Paper ID: | 178 |
---|---|

Title: | Cooperative Graphical Models |

This is an interesting paper on providing upper and lower bounds on Markov random field models that include an additional, non-factored but submodular energy term. It uses two existing tricks: (1) upper and lower linear bounds on the submodular function f(.), which convert f(.) to additional low-order factor terms, and (2) standard variational upper and lower bounds on the resulting MRF. In combination, these give upper and lower bounds on the original MRF's partition function.

This is an interesting paper on providing upper and lower bounds on Markov random field models that include an additional, non-factored but submodular energy term. It uses two existing tricks: (1) upper and lower linear bounds on the submodular function f(.), which convert f(.) to additional low-order factor terms, and (2) standard variational upper and lower bounds on the resulting MRF. In combination, these give upper and lower bounds on the original MRF's partition function. It's not entirely clear to me how useful these resulting bounds are; in the experiments, the authors mainly report the pseudomarginals of the upper bound, rather than actually doing anything with the partition function. I would expect the upper bounds to be mostly helpful in parameter learning problems. It would be nice if the authors could comment on this. Connections to existing work are very good and clearly explained. On a technical point, I would suggest replacing the marginal polytope form of TRW in (3) with a decomposition form (the dual of the form in (3)), for example a combination of spanning trees (Jancsary & Matz, AISTATS 2011), or dual decomposition (Ping et al., NIPS 2015). This would have the advantage of converting the saddle point, double-loop optimization into a single joint minimization, simplify the weight updates, and likely speed the whole thing up since your computation is dominated by running TRWBP in the inner loop.

2-Confident (read it all; understood it all reasonably well)

Authors adopt the “cooperative graph cut” approach of Jegelka and Bilmes and present an approach for approximate probabilistic inference, which is more involved than with basic pairwise graphical models due to the nonlocal “cooperative term” f in (1). The basic idea is to linearize this problematic term and to adapt it through the outer optimization task of (3), based on outer convex relaxations for lower bounding the log-partition function and on non-convex inner relaxations (mean-field) for the upper bound. Since probabilistic inference (as opposed to MAP) entails the corresponding surrogate of the entropy, the dependency of (3) on g is smooth (i.e. C^{1,L}) and hence there is no need to resort to inefficient subgradient-based schemes.

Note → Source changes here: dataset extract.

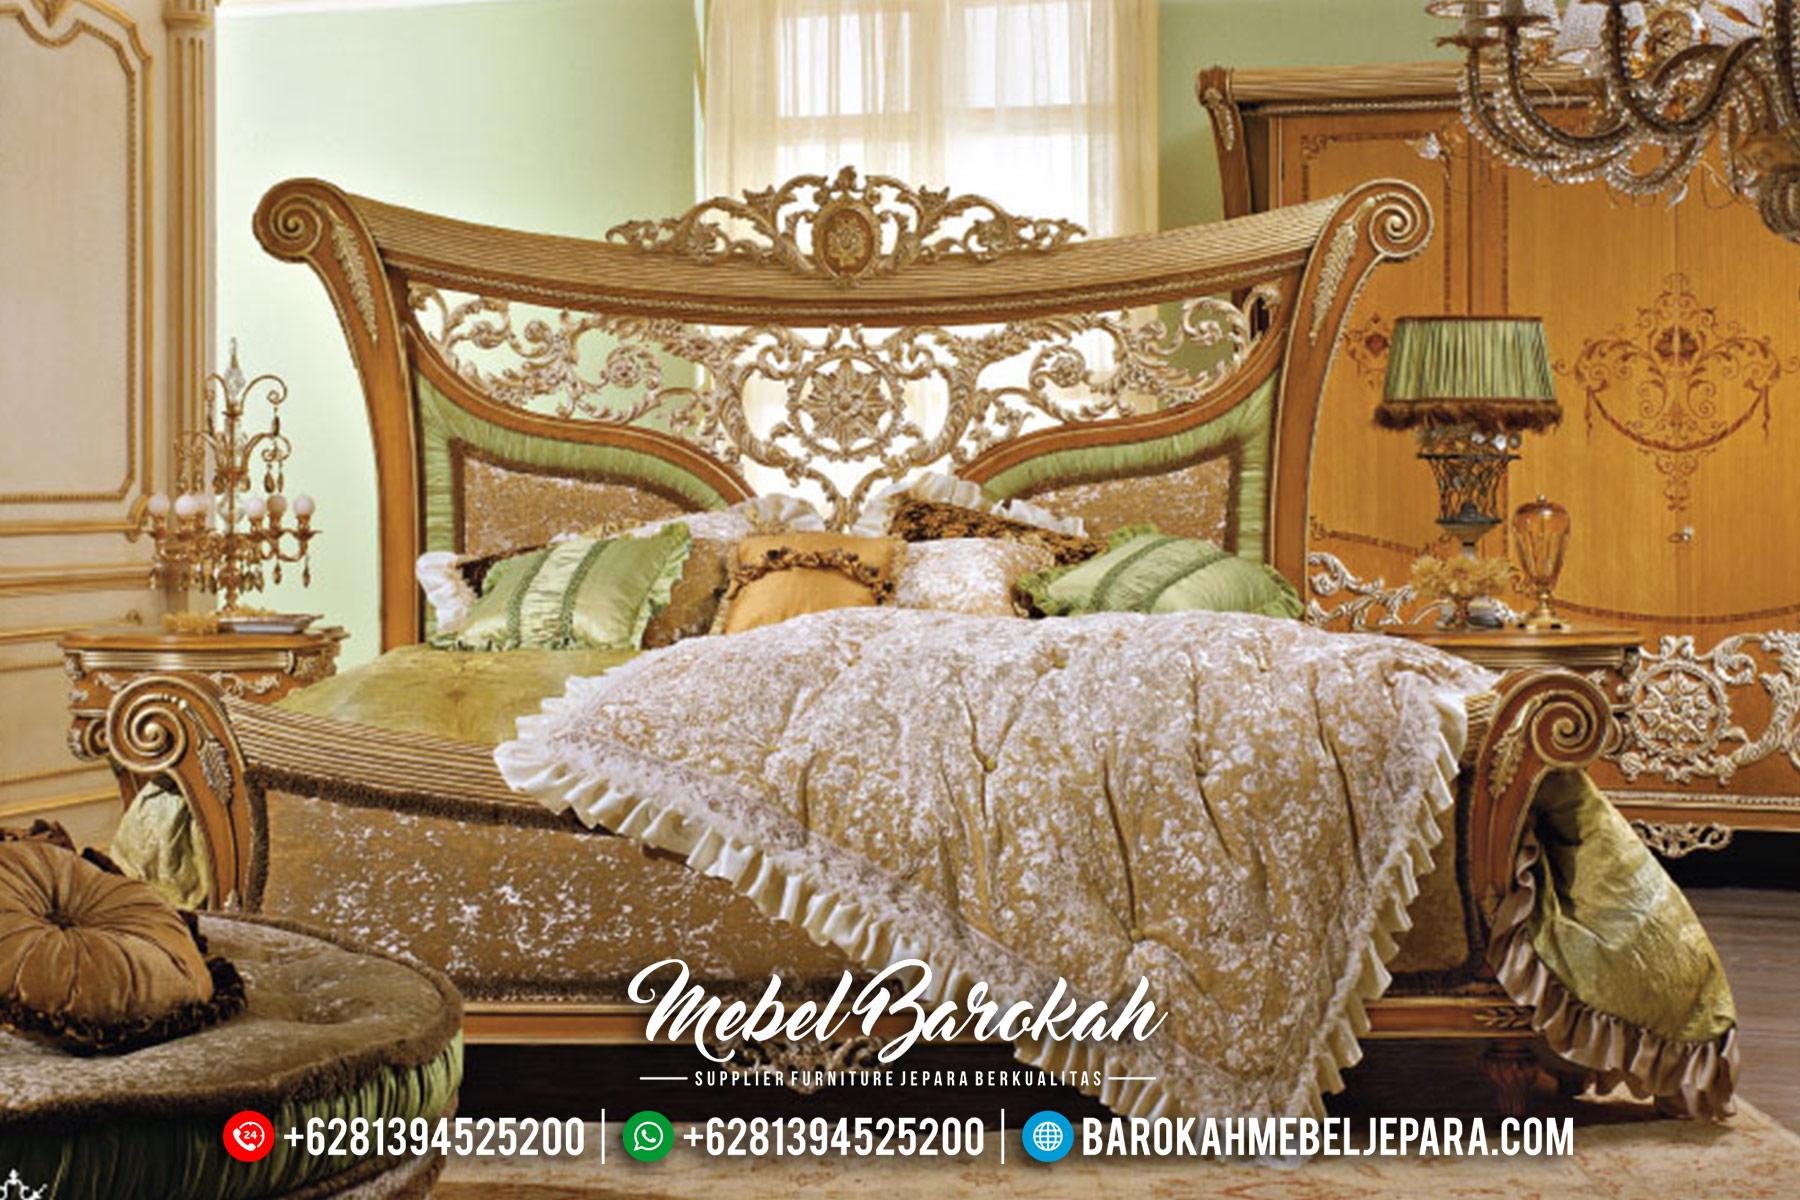 Terbaru Set Tempat Tidur Mewah Klasik Ukiran Asli Jepara MB-0356

The novelty of the paper concerns the knowledgeable assembly of established components. The resulting overall approach should find many applications. The title sounds too general to me in view of related work, see e.g. http://dx.doi.org/10.1007/s10107-016-1038-y and related prior work. More appropriate would be something like: Efficient probabilistic inference with cooperative graph cuts. The presentation lacks precision here and there, to some extent to lack of space, of course. I pick out three points and ask authors to clarify and to improve the presentation: (i) while the interplay between convexity and smoothness through duality is clear, a precise reference to a quantitative statement in the literature would be appropriate, in connection with theorem 1. (ii) Strong convexity of a functions means that subtraction of the Euclidean squared norm (multiplied with some fixed constant) does preserve convexity. Since this is not the case e.h. for the basic entropy function \sum_i x_i log(x_i), it is not immediate and obvious that global strong convexity holds for -\bar{H} (theorem 1). The claimed applicability of FISTA requires a global Lipschitz constant too. Please specify this point in view of the bounded feasible sets. (iii) If the quantitative assertion of Thm. 1 holds, then the Lipschitz constant depends on the number of labels $k$. In realistic application, this number can be much larger than in your toy experiments and hence should slow down optimization. Please comment.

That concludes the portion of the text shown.